**Supplied data**
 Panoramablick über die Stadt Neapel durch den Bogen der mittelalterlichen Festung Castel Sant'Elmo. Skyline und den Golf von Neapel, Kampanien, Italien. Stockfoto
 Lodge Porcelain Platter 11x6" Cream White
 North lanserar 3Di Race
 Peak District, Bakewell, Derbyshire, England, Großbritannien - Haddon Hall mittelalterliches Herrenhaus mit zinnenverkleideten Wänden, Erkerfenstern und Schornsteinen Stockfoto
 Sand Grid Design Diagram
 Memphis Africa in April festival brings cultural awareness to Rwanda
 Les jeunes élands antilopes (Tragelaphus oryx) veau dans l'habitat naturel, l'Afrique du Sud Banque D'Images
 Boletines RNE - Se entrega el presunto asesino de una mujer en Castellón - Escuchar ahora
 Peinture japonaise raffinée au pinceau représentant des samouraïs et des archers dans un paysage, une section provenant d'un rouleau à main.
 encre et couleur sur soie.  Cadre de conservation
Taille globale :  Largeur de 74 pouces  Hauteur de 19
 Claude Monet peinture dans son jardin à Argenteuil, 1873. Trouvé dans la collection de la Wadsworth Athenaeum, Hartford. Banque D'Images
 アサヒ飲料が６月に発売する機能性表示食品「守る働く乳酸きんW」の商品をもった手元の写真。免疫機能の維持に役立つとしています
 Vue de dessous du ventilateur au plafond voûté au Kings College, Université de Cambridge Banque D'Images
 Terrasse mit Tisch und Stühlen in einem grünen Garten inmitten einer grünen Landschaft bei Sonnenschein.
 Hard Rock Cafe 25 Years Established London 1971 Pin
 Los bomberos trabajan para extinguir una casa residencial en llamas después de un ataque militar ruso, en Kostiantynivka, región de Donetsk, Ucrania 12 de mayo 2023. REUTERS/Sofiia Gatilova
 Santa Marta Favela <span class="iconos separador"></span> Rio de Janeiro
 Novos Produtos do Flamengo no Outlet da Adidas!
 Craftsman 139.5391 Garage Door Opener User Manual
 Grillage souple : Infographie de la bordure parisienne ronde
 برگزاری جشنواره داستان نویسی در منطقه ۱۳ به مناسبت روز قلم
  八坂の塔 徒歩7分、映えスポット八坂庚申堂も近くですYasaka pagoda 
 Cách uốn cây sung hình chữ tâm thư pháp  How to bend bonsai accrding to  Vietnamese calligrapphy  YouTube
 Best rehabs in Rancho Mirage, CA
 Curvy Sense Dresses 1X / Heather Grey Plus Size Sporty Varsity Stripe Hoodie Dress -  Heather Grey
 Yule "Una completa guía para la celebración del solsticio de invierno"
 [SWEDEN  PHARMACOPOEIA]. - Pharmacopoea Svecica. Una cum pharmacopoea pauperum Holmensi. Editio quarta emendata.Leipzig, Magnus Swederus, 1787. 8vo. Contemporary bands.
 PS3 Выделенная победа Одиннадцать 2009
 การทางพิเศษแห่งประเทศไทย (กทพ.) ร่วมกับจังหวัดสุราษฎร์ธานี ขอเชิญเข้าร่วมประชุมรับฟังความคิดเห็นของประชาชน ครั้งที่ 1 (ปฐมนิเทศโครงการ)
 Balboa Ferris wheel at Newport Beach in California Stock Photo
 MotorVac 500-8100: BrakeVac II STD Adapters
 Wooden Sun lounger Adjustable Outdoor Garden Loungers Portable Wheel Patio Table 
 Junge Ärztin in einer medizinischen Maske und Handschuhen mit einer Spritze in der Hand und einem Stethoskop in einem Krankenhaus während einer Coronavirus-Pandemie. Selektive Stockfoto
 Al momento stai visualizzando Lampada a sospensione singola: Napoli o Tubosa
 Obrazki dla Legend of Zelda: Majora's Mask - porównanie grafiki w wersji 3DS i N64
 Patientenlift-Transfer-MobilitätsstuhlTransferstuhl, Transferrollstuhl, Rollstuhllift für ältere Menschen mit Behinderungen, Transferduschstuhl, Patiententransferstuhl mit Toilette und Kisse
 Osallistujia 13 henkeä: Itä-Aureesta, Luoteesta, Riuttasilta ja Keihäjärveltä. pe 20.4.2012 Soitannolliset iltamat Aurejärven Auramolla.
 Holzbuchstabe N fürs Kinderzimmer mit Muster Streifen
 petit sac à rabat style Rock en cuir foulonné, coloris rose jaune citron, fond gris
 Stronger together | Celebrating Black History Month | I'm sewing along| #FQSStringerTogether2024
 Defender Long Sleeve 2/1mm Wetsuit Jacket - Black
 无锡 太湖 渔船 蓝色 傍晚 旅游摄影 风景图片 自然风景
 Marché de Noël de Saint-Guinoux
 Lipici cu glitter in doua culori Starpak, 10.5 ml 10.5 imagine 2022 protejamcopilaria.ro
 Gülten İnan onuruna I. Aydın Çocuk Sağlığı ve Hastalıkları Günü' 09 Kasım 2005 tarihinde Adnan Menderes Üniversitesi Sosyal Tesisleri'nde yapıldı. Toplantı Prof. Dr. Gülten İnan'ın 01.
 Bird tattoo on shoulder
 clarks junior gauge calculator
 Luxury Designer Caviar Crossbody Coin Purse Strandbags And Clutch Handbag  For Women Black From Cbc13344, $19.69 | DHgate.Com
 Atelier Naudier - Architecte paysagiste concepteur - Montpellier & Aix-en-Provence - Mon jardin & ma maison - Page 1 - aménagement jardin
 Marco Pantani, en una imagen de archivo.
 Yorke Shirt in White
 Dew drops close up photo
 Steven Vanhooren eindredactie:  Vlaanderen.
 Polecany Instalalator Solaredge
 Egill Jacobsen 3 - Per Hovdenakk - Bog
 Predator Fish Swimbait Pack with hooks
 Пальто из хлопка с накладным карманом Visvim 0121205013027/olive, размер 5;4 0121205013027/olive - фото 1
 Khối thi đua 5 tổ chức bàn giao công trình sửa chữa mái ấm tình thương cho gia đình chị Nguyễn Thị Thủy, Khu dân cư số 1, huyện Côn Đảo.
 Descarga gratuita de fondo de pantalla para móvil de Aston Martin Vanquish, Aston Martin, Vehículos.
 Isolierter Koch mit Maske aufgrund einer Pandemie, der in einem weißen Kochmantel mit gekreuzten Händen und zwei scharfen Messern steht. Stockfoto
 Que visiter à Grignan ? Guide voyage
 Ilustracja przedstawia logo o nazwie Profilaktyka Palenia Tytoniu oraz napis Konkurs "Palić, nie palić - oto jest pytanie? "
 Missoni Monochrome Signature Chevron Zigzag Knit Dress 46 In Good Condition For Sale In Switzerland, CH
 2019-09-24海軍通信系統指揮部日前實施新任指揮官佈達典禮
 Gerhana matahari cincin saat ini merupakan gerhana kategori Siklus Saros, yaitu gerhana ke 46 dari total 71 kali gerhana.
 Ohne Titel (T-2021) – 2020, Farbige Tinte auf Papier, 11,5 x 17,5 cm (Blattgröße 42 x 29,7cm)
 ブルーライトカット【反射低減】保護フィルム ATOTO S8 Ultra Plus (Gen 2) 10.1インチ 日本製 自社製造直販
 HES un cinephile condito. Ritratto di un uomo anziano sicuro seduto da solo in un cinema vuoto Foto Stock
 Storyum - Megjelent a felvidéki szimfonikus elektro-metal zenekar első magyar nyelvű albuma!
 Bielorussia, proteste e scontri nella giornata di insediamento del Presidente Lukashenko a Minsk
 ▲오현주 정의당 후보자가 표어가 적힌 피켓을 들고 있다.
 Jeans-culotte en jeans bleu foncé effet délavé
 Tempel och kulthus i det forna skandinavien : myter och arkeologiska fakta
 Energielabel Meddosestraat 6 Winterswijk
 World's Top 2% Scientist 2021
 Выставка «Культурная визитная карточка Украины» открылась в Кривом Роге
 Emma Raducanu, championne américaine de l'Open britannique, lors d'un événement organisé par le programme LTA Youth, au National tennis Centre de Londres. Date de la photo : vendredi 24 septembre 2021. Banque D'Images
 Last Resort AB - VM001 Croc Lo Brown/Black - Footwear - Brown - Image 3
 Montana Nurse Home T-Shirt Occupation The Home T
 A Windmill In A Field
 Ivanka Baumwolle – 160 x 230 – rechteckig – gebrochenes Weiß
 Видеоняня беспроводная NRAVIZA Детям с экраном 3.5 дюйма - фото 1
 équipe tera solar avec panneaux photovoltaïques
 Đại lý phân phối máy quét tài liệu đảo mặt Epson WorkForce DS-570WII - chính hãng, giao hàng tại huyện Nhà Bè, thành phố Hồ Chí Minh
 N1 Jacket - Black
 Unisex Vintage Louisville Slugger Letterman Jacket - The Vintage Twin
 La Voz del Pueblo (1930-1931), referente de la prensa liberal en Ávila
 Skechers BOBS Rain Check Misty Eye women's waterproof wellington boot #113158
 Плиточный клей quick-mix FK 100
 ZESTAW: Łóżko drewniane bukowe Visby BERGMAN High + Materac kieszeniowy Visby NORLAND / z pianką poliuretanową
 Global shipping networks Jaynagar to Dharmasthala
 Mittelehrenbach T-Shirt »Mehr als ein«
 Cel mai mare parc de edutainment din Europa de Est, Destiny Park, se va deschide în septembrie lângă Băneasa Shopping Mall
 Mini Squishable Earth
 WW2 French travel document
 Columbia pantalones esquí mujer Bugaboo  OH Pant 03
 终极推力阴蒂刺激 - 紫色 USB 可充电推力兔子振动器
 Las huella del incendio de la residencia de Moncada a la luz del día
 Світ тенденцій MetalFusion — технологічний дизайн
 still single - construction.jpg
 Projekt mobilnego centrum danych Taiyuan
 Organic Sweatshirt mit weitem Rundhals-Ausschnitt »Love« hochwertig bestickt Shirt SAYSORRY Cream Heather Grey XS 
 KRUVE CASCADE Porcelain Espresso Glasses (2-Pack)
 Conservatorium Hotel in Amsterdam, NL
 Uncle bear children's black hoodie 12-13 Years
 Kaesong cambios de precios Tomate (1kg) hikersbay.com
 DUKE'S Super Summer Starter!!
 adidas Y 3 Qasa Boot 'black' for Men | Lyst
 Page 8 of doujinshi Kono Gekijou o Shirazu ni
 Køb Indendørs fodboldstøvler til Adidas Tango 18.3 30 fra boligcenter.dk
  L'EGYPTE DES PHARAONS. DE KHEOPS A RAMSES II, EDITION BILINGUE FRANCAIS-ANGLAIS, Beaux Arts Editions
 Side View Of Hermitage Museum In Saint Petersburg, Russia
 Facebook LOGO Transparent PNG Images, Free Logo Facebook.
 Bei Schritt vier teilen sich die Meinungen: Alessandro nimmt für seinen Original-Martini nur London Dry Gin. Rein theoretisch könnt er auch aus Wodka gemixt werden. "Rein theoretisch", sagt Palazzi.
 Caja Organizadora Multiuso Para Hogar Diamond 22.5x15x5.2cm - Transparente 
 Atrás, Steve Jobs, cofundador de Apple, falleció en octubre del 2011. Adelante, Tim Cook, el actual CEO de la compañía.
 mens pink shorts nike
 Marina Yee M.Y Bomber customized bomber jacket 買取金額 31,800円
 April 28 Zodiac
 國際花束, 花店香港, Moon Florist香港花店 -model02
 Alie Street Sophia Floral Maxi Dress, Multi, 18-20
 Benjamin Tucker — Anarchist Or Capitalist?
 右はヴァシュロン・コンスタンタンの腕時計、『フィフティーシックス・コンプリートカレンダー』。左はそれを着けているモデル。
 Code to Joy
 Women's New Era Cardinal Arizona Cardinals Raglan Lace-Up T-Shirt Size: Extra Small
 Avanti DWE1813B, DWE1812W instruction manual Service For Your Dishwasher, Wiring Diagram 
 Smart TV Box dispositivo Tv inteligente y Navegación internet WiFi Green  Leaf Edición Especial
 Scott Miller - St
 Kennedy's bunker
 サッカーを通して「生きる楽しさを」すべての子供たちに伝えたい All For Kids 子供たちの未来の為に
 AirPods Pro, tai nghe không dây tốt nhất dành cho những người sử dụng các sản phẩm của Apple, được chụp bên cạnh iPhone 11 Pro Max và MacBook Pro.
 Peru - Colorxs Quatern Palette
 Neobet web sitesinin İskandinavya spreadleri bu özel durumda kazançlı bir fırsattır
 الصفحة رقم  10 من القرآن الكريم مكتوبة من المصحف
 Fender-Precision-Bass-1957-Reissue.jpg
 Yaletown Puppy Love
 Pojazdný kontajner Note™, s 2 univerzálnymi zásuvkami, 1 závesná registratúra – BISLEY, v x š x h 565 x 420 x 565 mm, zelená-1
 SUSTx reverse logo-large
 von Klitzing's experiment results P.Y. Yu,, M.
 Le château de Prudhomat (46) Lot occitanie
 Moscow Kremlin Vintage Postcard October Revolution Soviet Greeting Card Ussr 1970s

**What you have to do**
Exactly those lines that run from the start of the listing to the line containing "Memphis Africa in" should be output, and no others.

**Result of this exercise**
 Panoramablick über die Stadt Neapel durch den Bogen der mittelalterlichen Festung Castel Sant'Elmo. Skyline und den Golf von Neapel, Kampanien, Italien. Stockfoto
 Lodge Porcelain Platter 11x6" Cream White
 North lanserar 3Di Race
 Peak District, Bakewell, Derbyshire, England, Großbritannien - Haddon Hall mittelalterliches Herrenhaus mit zinnenverkleideten Wänden, Erkerfenstern und Schornsteinen Stockfoto
 Sand Grid Design Diagram
 Memphis Africa in April festival brings cultural awareness to Rwanda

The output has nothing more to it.